Copy out all the lines of the data precisely, omitting any pictures.

**INFORMATION PROVIDED**
· · · ·

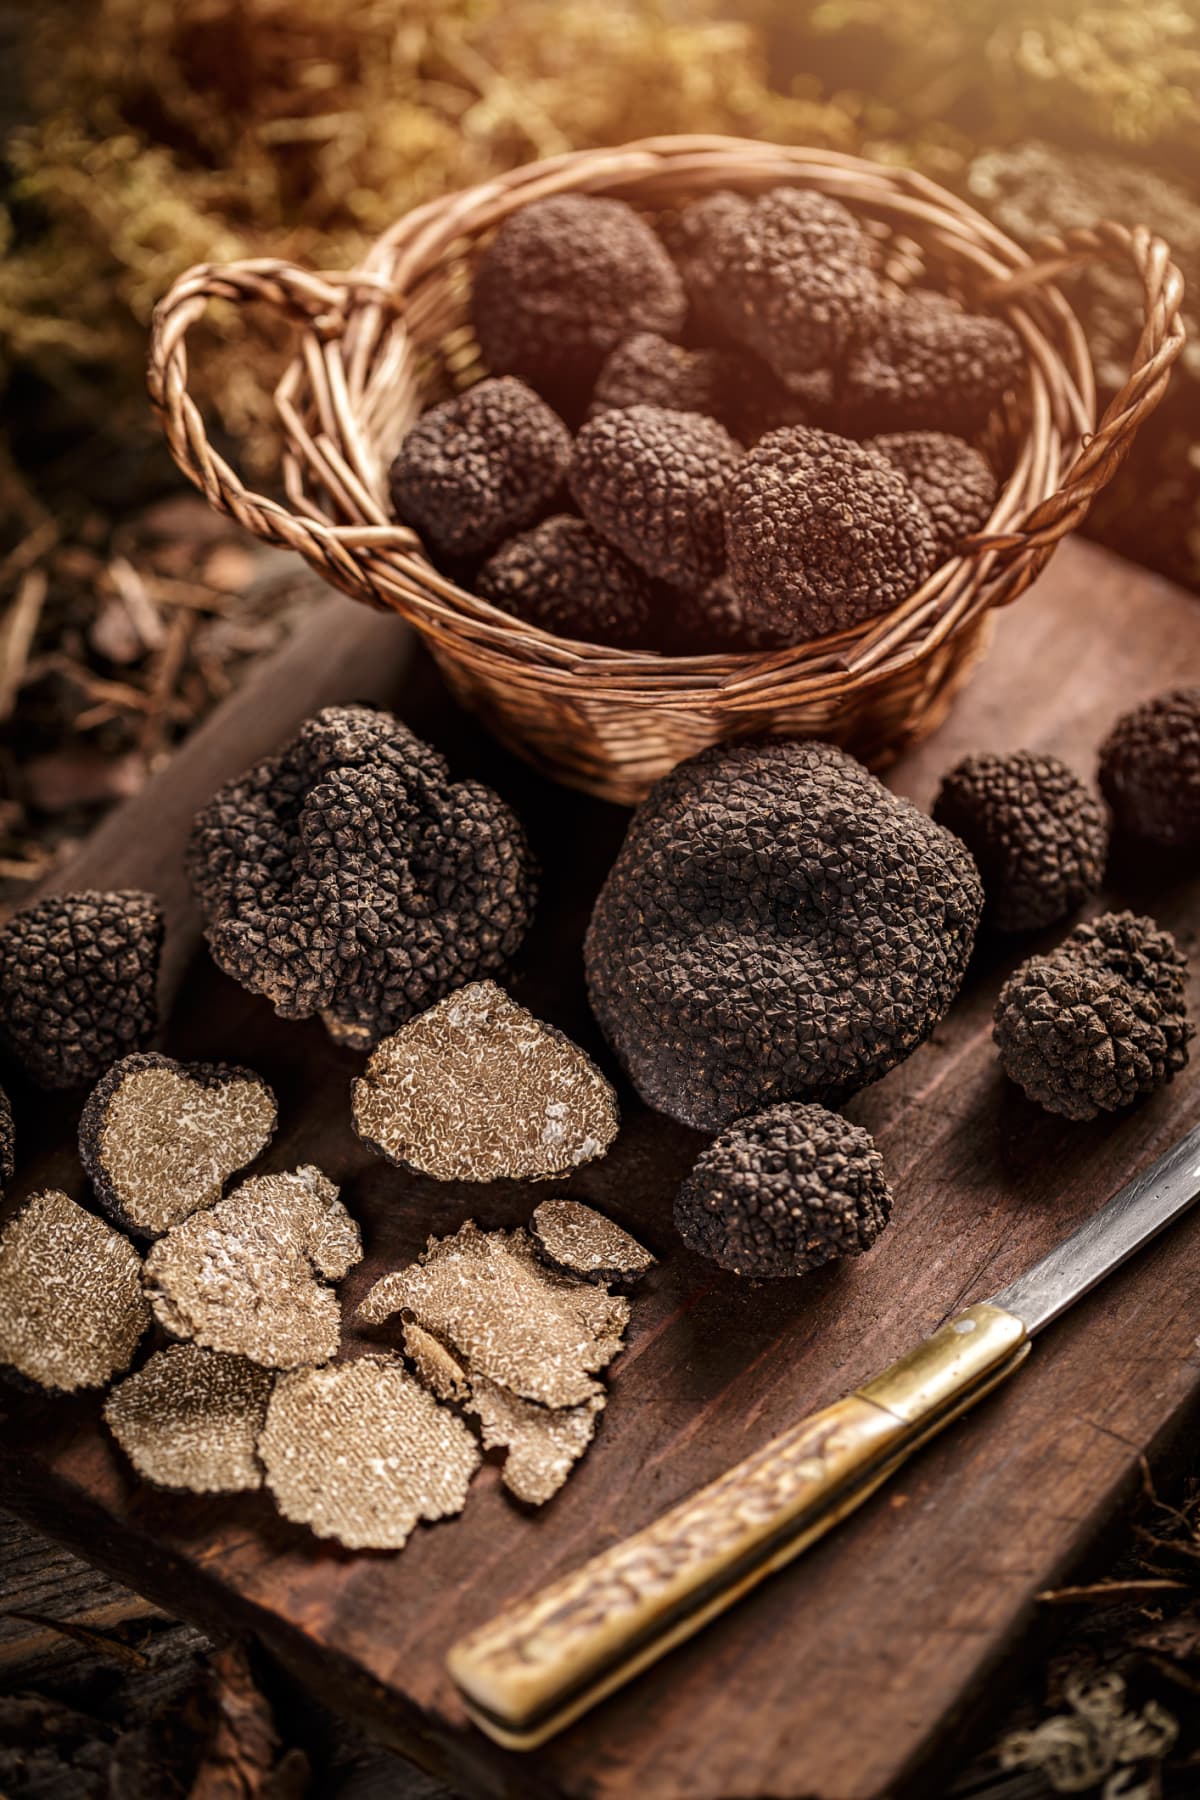 Heap of black truffle mushrooms, whole and slice
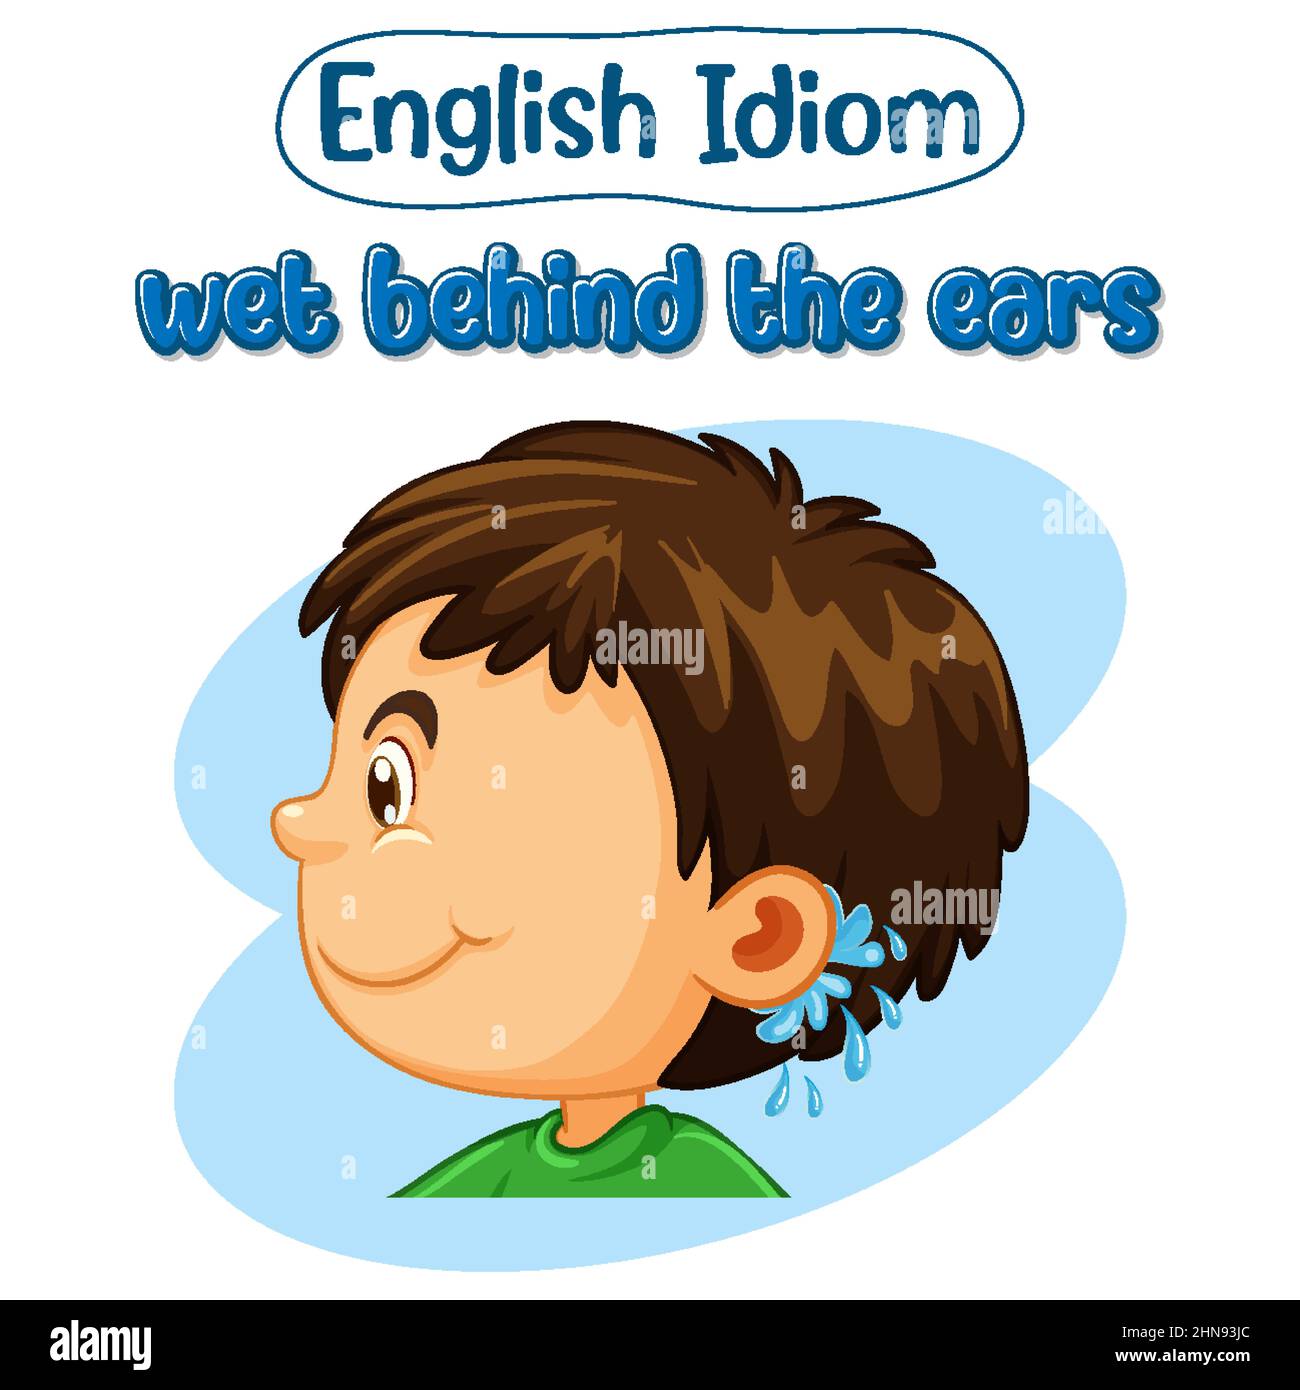 Expressões em Inglês O que Significa To Play it By Ear 
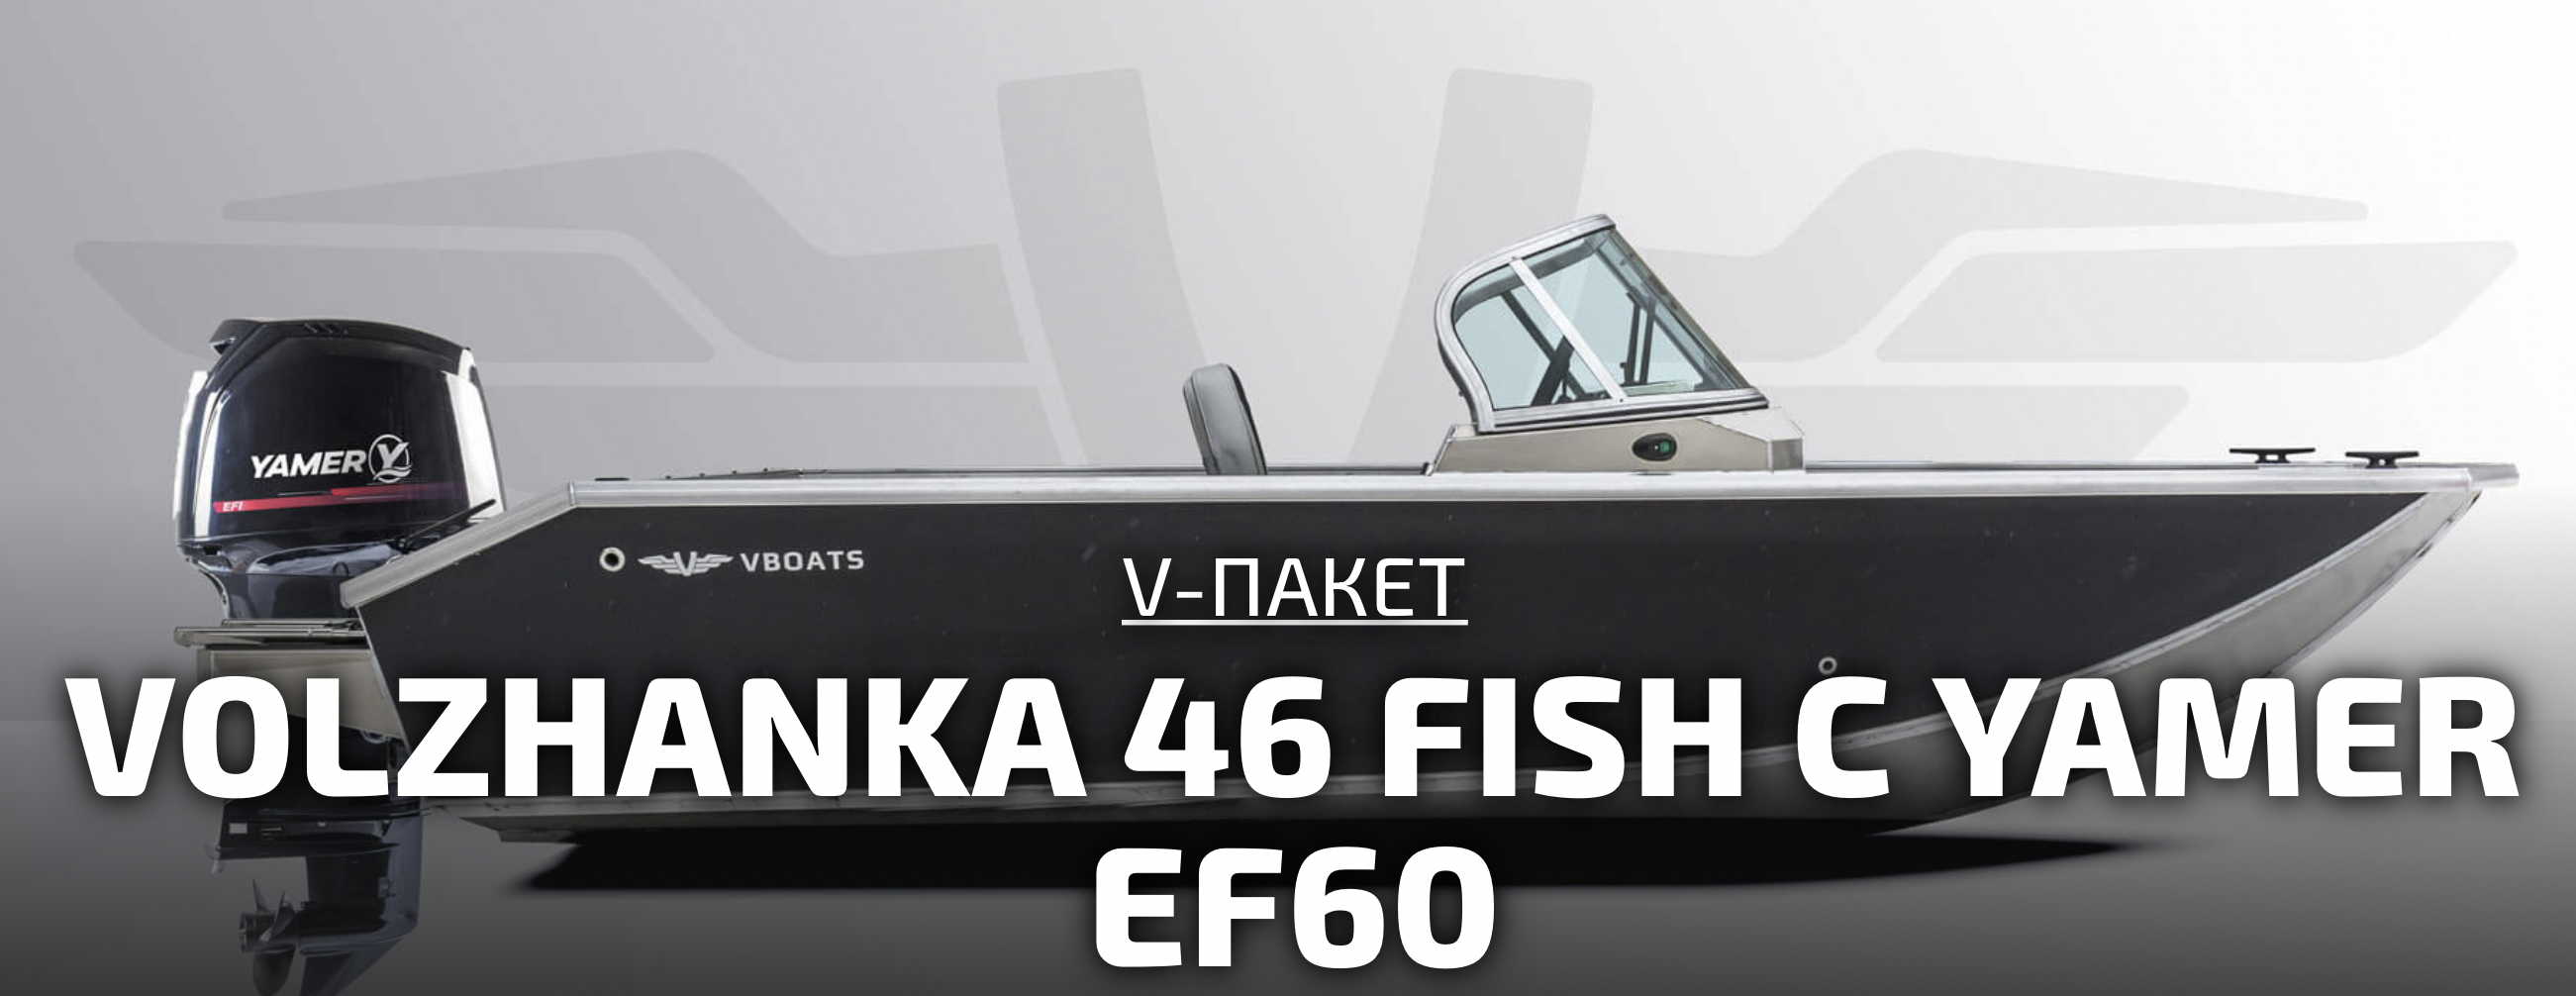 VOLZHANKA 46 FISH C YAMER EF60

· · · ·

**REPLY**
 Heap of black truffle mushrooms, whole and slice
 Expressões em Inglês O que Significa To Play it By Ear 
 VOLZHANKA 46 FISH C YAMER EF60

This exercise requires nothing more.